Мать опустилась на табурет, медленно стянула с головы косынку (поседела, фурия, — отметила Вера) и мягко, со слезою в голосе, вздохнула:
— Ну вот, вернулась к тебе твоя мамочка…
Привалившись острым плечом к дверному косяку, Вера молча наблюдала за нею. Только после ее слов, вернее после этого красивого обнажения поседевшей головы, она поняла, что играется сцена «Возвращение мамочки», и мысленно усмехнулась.
Мать, между тем, оглядела кухню уже другим, своим прихватывающим взглядом, поддала носком стоптанной босоножки обломок угольного карандаша на полу:
— Все малюешь… Я в твои годы горбила вовсю.
— А, здравствуй, мама! — словно узнав ее наконец, воскликнула дочь. И согнала с губ улыбку. — В мои годы ты вовсю спекулировала.
Та подняла на нее светлые рысьи глаза: видали верзилу? — стоит, жердь тощая, старая майка краской заляпана, взгляд угрюмый, насмешливый… Выросла. Самостоятельная!
Они глядели друг на друга и понимали, что жить им теперь, обеим, бешеным, в этой вот квартире. Нос к носу…
* * *
Я, пожалуй, встряну здесь ненадолго. Собою их не заслоню, хотя я и автор, вернее — одно из второстепенных лиц на задах массовки. Я и в хоре пела всегда в альтах, во втором ряду. Вы помните, конечно, эти немолчные хоры на районных конкурсах школьных коллективов? Если нет, я напомню:
Выстроились на сцене двумя длинными рядами. Одежда парадная: белый верх — черный низ, зажеванные уголки красных галстуков с утра тщательно отпарены плюющимся утюгом…

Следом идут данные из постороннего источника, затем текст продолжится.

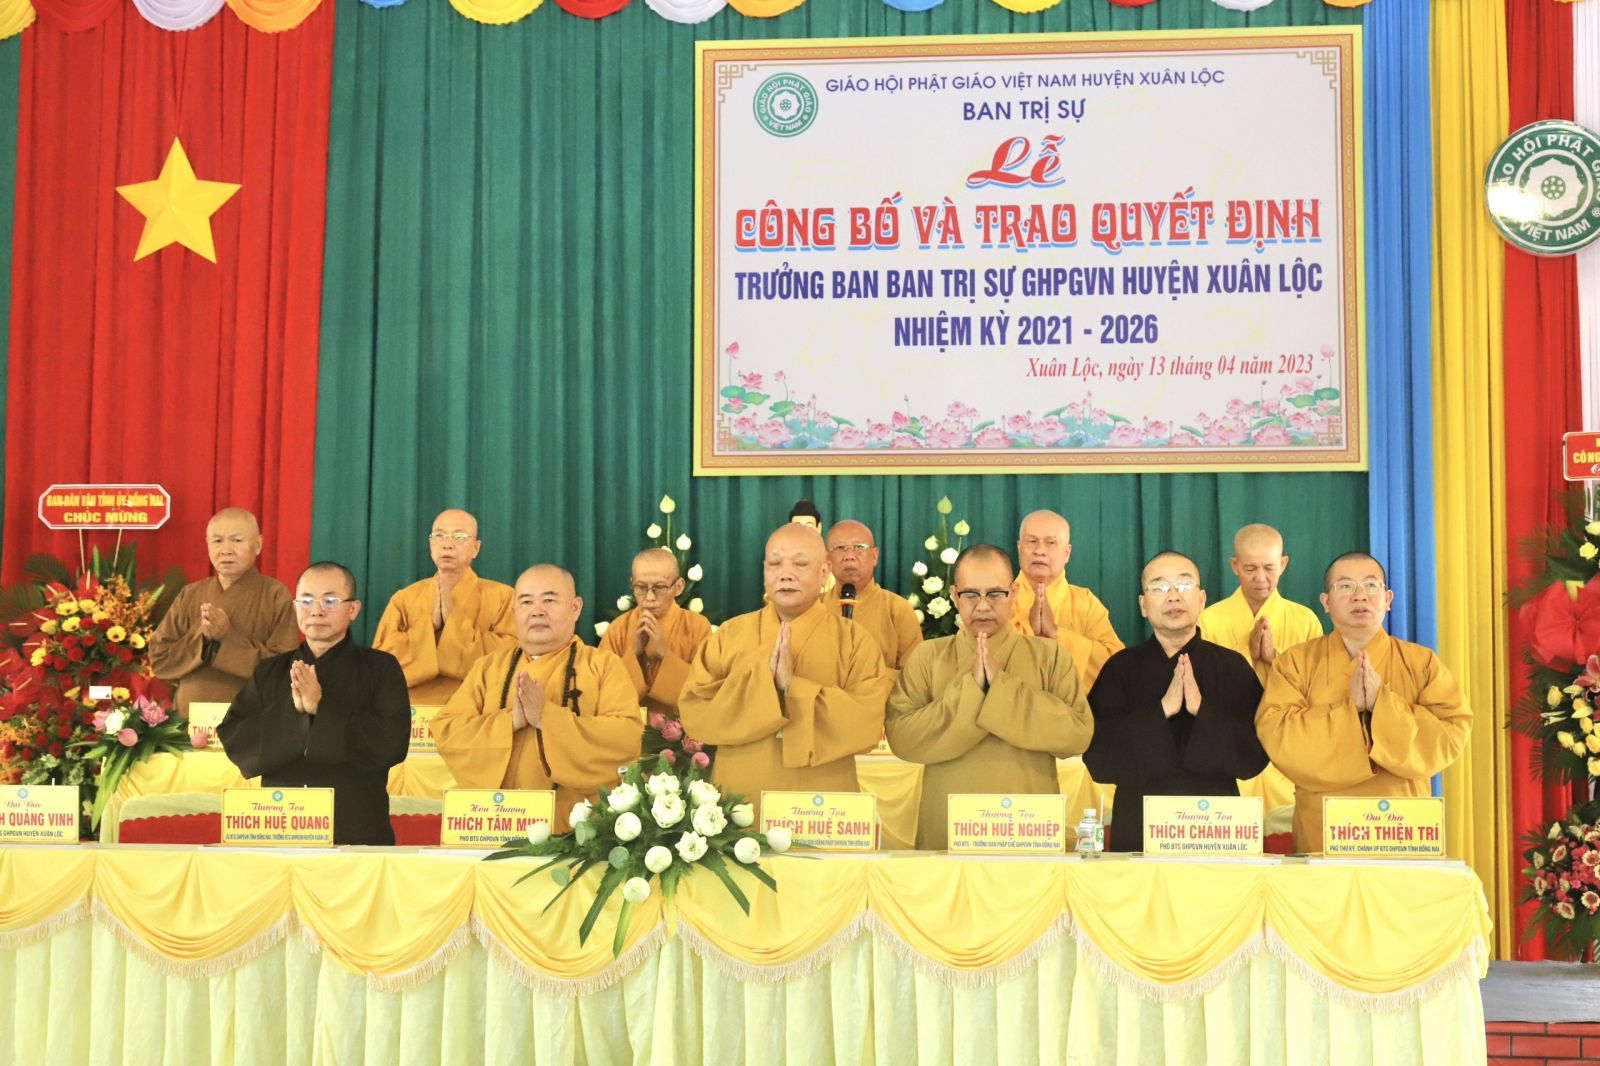 Đồng Nai: Lễ công bố và trao quyết định bổ nhiệm Trưởng ban BTS GHPGVN huyện Xuân Lộc, nhiệm kỳ 2021 – 2026

Второй ряд стоит на длинных скамьях из спортзала, не шевелясь и не дыша, потому что однажды, из-за подломившейся ножки скамьи, все дружно и косо, как домино из коробки, повалились на деревянный пол сцены.
Подравняться!!! Носки туфель чуть расставлены… Смотреть на палочку!!! Набрали в грудь побольше потной духоты зала, и!..
Вот хоровичка поднимает руки, словно готовясь долбануть локтями кого-то невидимого по обеим сторонам. Дирижерская палочка подрагивает и ждет. За роялем Клара Нухимовна: белое жабо крахмальной блузки, слезящийся нос, жировой горбик на шее… В черном зеркале поднятой крышки рояля подбитой голубкой трепещет отражение ее комканного кружевного платка.
И вот — бурный апрельский разлив вступления!
Взмах из затакта: повели медленно и раздумчиво…
Ветви оделись листвою весенней…
И птицы запели и травы взошли,
Весною весь мир отмечает рожденье…
звук нарастает, жилы на шее хоровички натягиваются…
Великого сы-ы-на… Вели-кой земли-и-и-и…
И поехали с орехами:
Лееееееенин…
Это мы, альты и вторые сопрано, еще затаенно; и вдруг — восторженный вскрик первых сопрано:
— Ленин!!! Это весны…
Первые сопрано, заполошно перебивая:
— Это весны цветенье!!! Ле-еееенин… Ленин!!!
Дружное ликование в терцию:
— Это побееееды клиииич! — Славь-ся в века-а-ах…
Совместное бурлацкое вытягивание баржи:
— Лееееееенин! Наш…
Вторые сопрано и альты, борясь за подлинную истовость:
— Наш дорогой Ильич!!!
И пошел, пошел, ребятки, финал — наш великий исход, исступление, искупление, камлание, сладострастие тотального мажора безумных весталок:
— Ле-ни-ну — слаааааааааааааа-ва!!!
Пар-ти-и слааааааааааааааа-ва!!!
Сла-ва в векаааааааааааааааааа-ах!!!
…и вот теперь… подкрадываясь с пианиссимо, раскручивая птицу-тройку до самозабвенного восторга, по пути прихватив мощное сопрано нашей хоровички, налившейся свекольным соком, стремительно хлынувшим на лоб ее, щеки и монументальную грудь!!!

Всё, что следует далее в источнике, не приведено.